Get the best out of your filaments by keeping them away from moisture!
Get the best out of your filaments by keeping them away from moisture! (Source: rabe via Amazon)

Adding to their filament lines, eSun makes accessories to bring the best out of those filaments.

The biggest problem for 3D printing materials is that they absorb moisture, which leads to imperfect prints as the water vaporizes during printing, giving the filament a cratered look. These accessories are made to prevent and minimize this problem.
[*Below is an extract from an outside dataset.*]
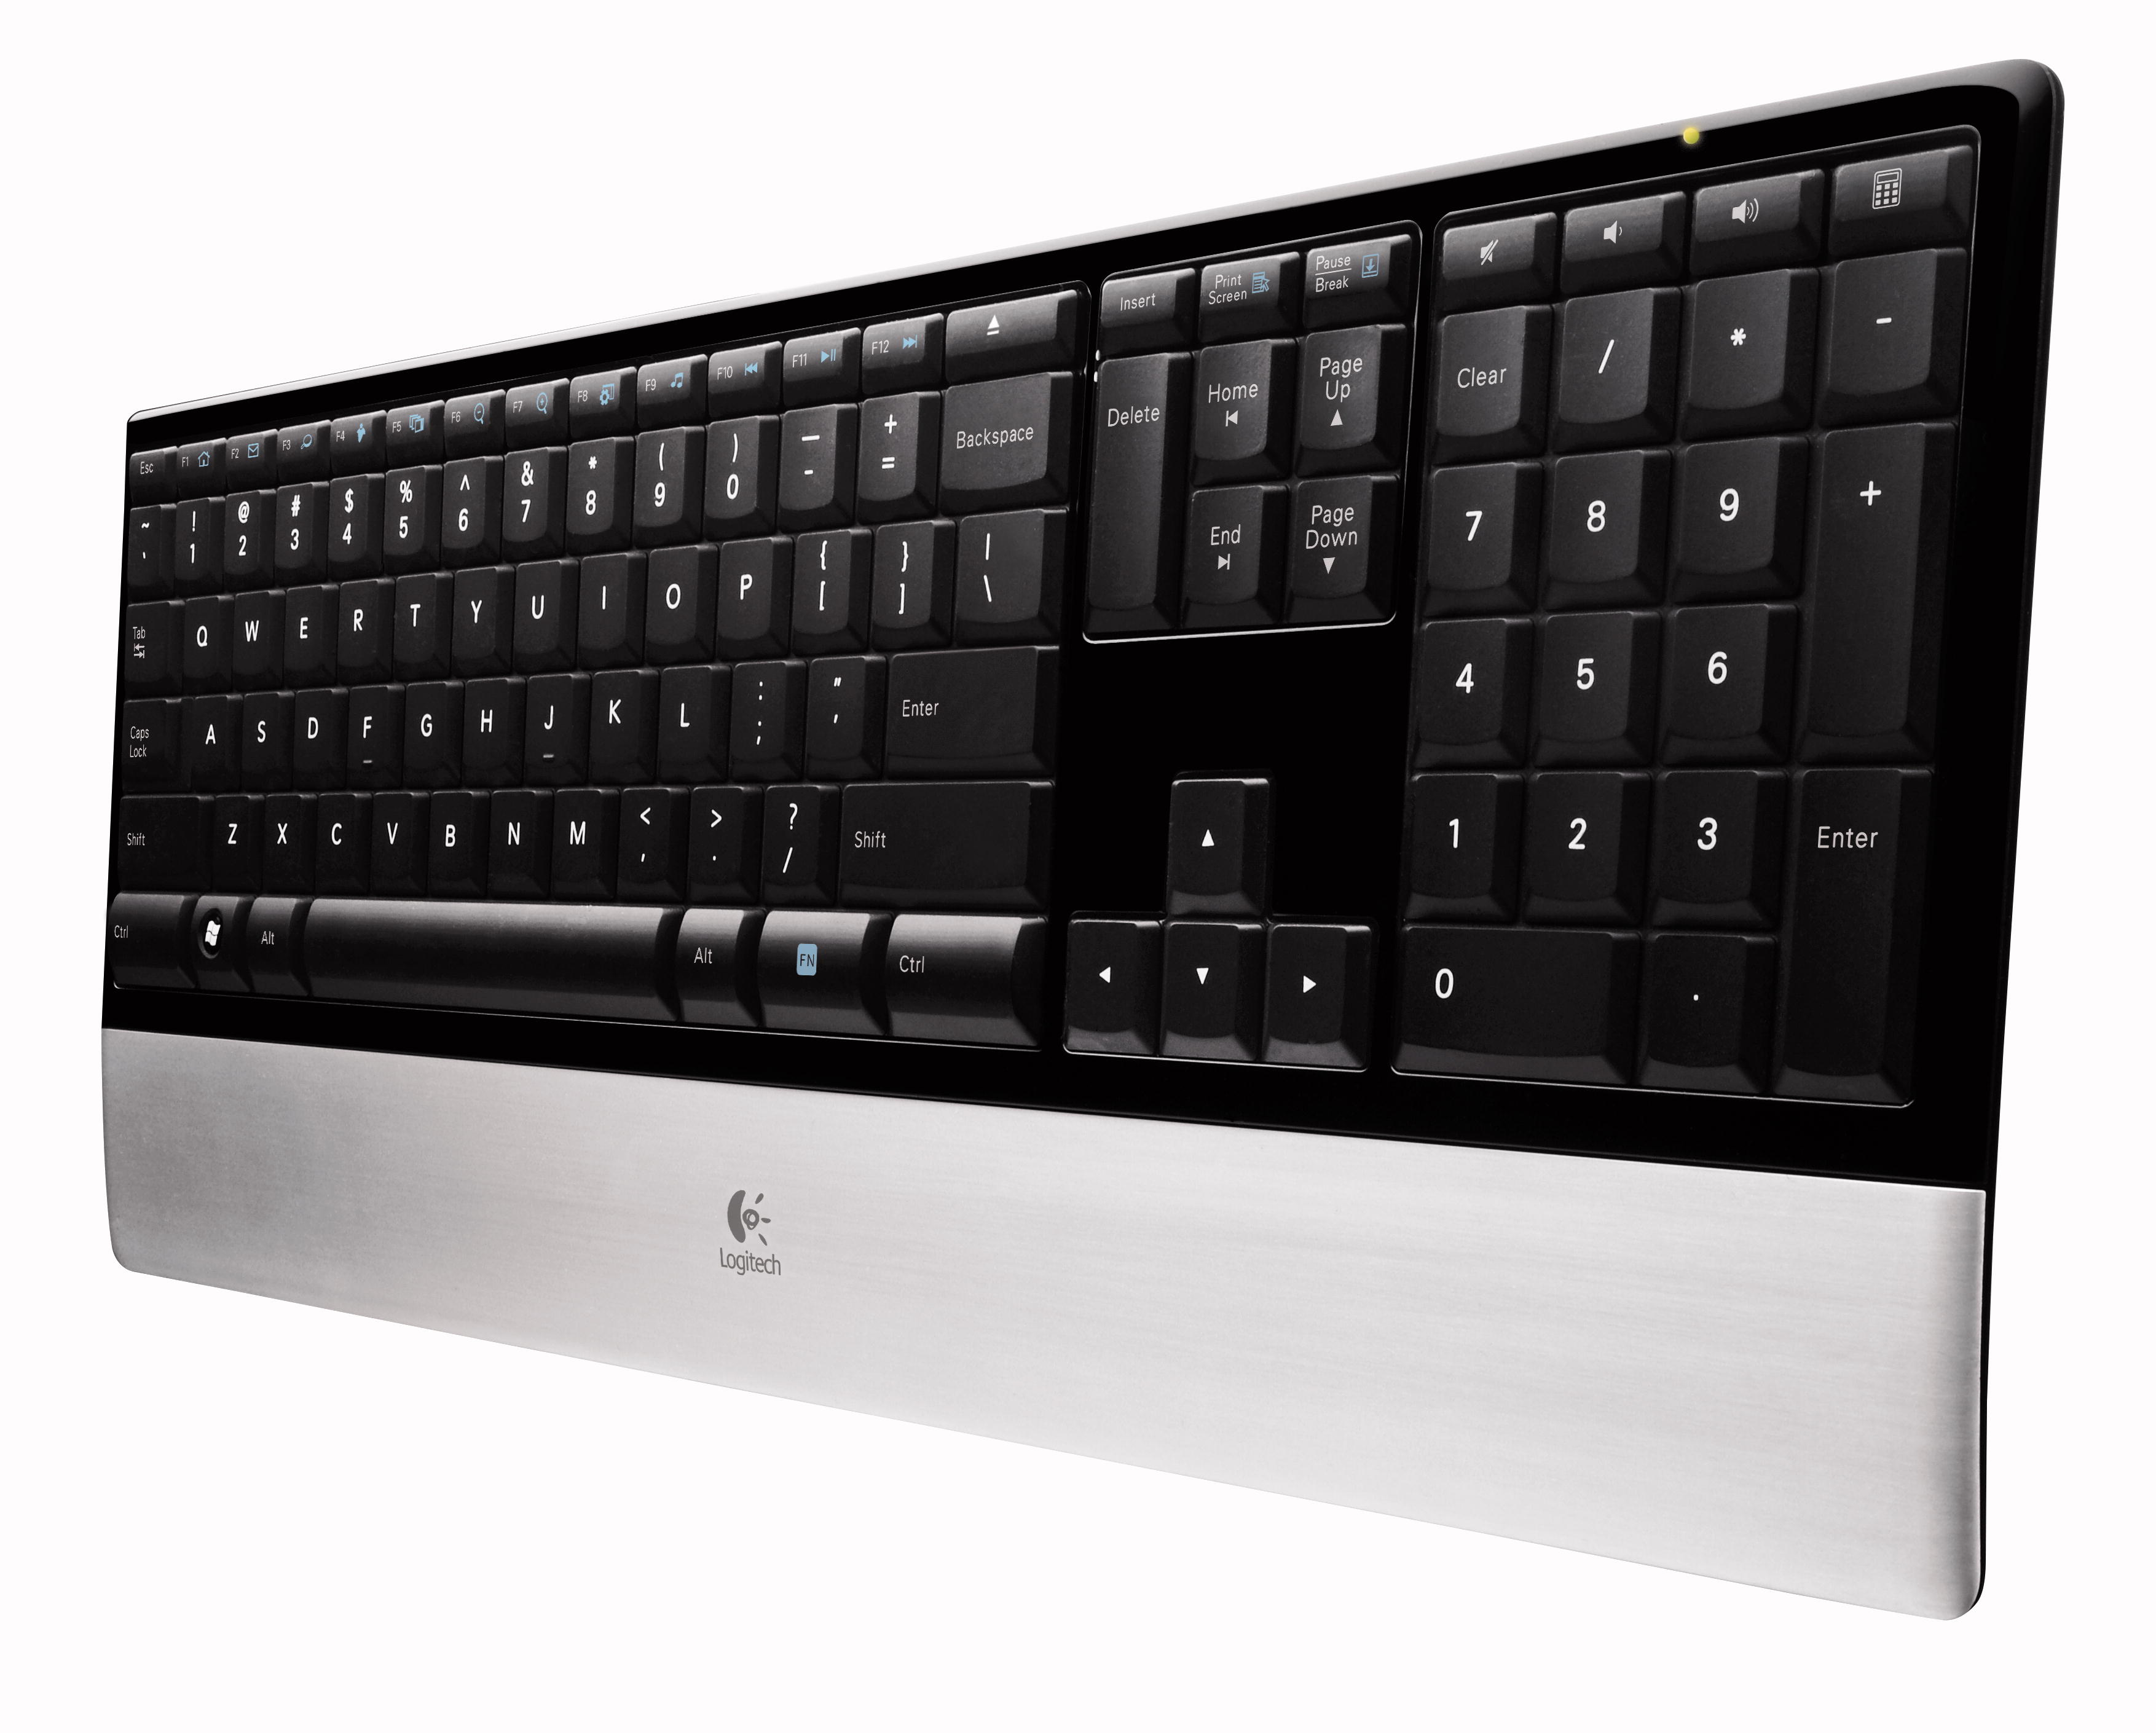 Immagine pubblicata in relazione al seguente contenuto: Logitech annuncia la nuova tastiera Illuminated Keyboard | Nome immagine: news8463_2.jpg
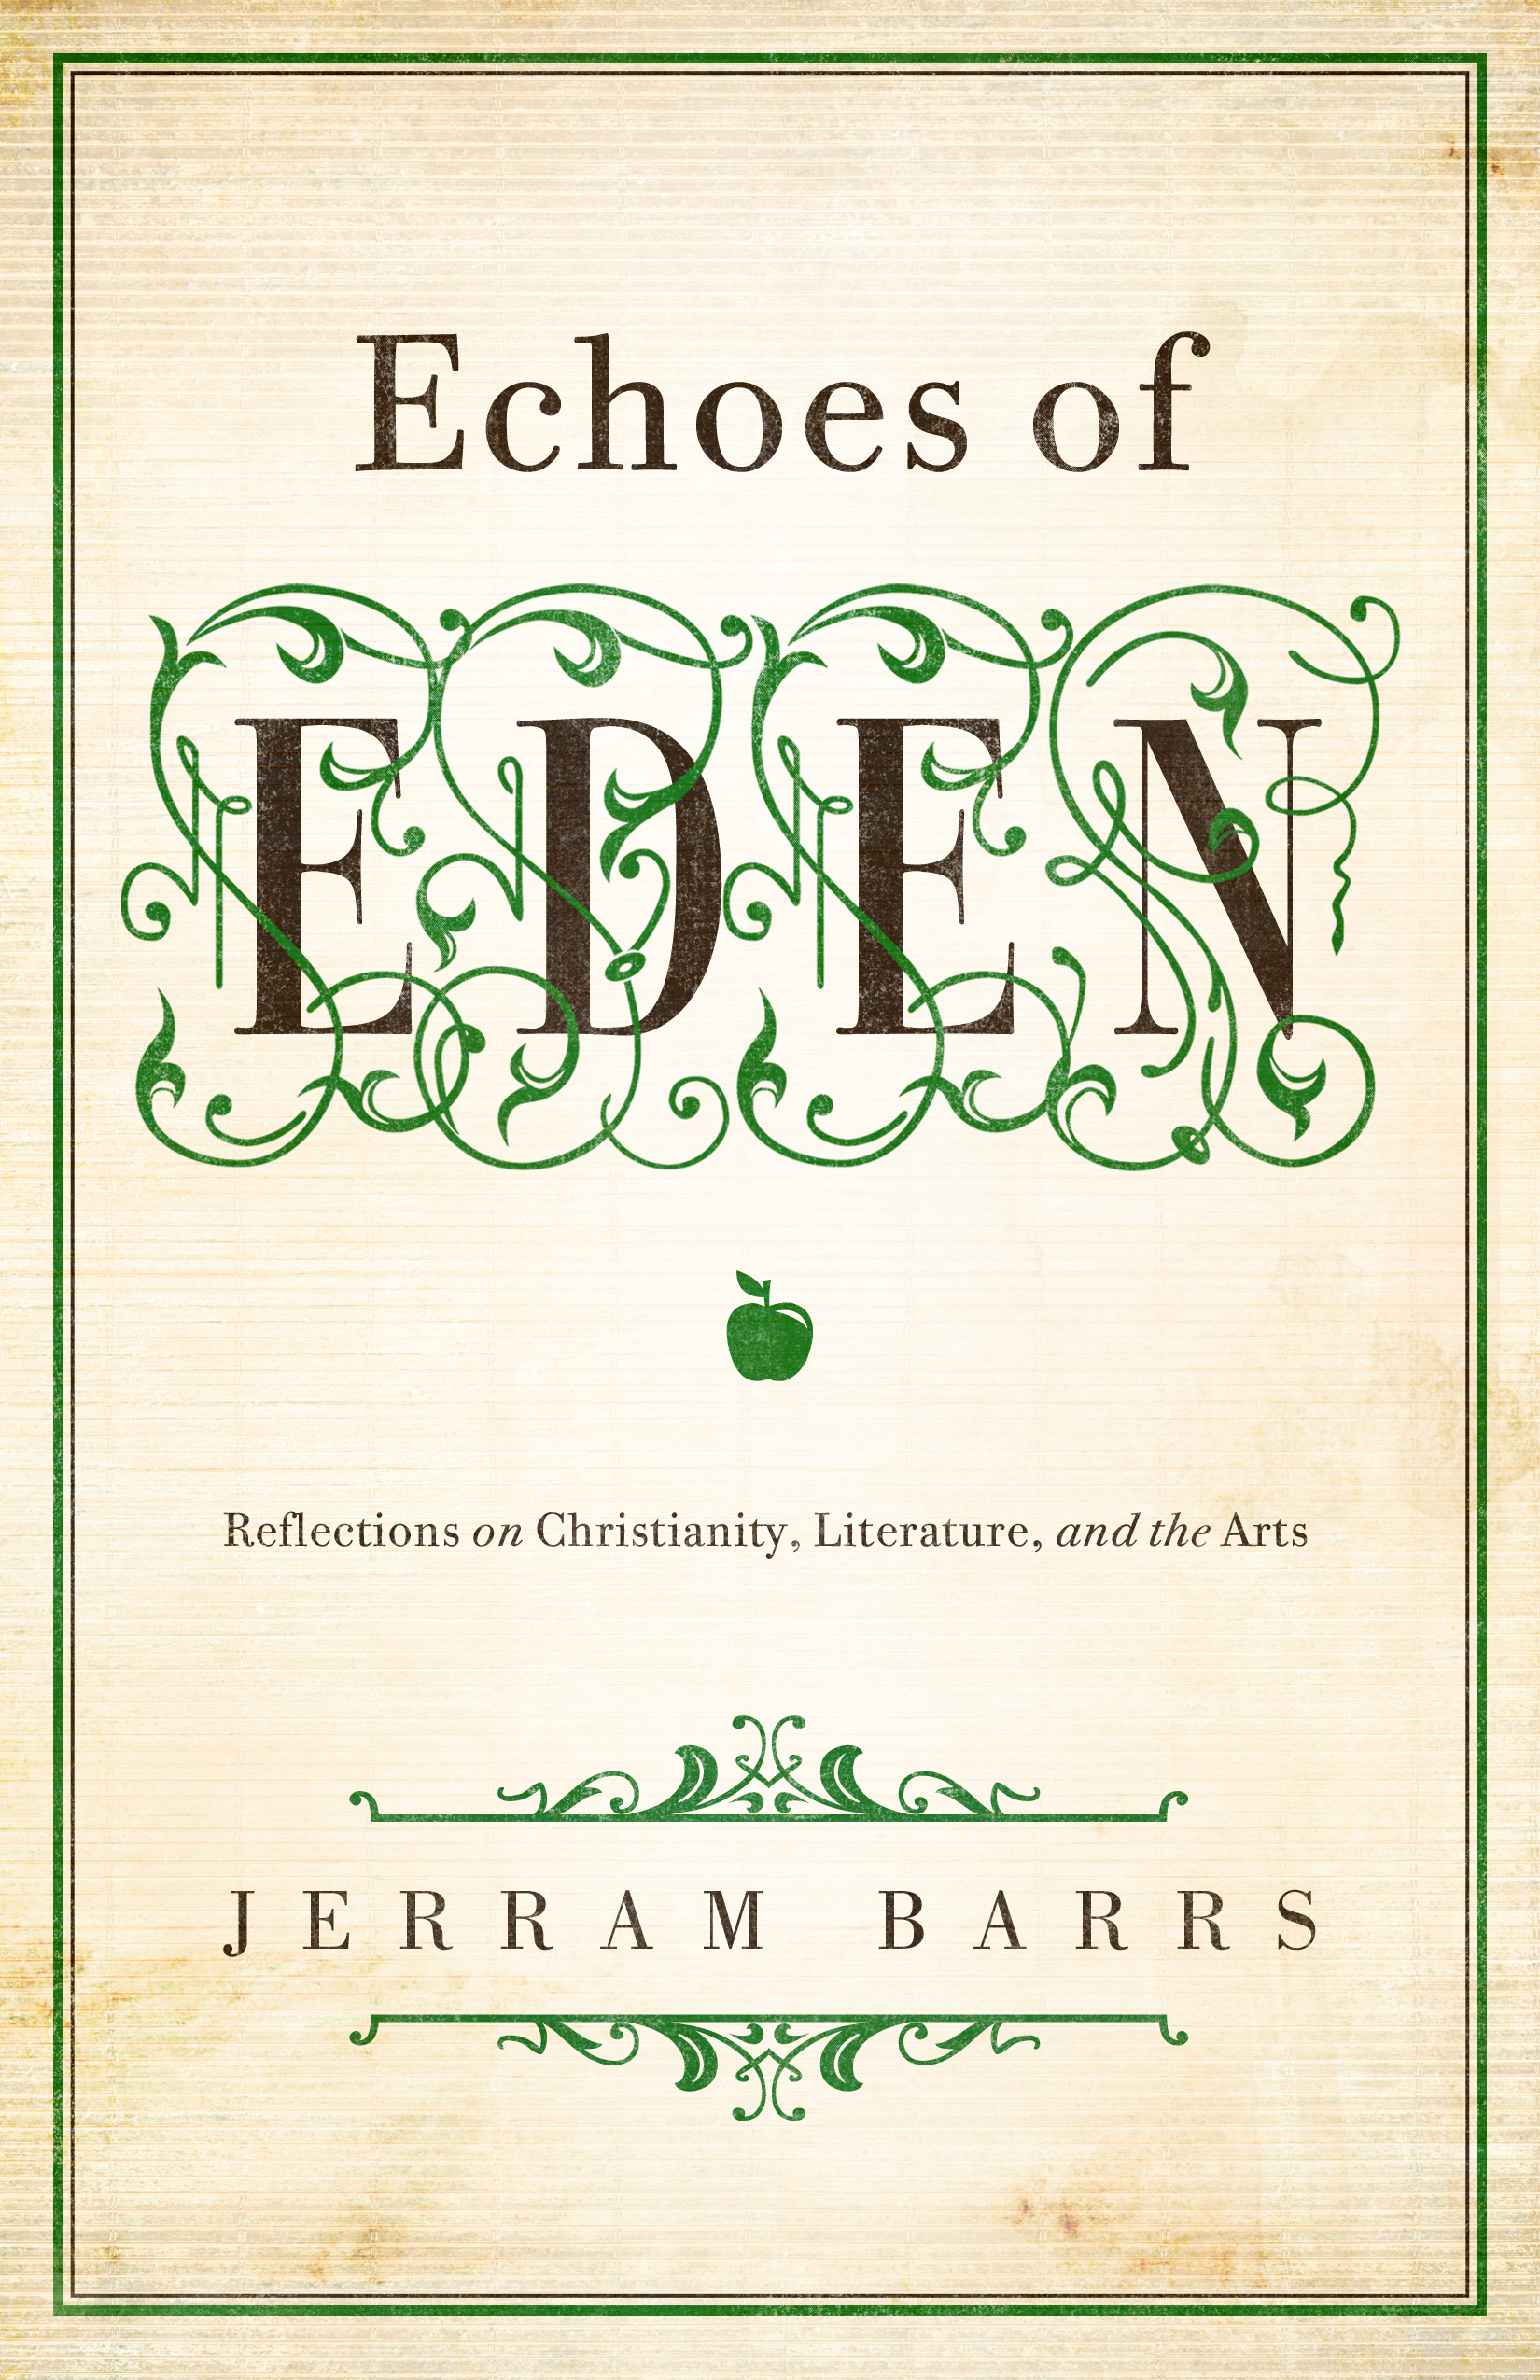 Echoes of Eden

  • eBox: The eBox is a filament storage solution that keeps your filament dry and tangle-free. The box can preheat your filament to dry it, something that is very important for materials such as nylon.
  • eVacuum: The eVacuum kit is another storage solution that helps ensure your filament stays dry and doesn’t lose its mechanical properties. The kit comes with plastic bags that go around your spool, and then the included pump sucks all of the air out of the bag, ensuring your filaments can be stored unharmed. You can opt for a hand or electric-powered vacuum pump.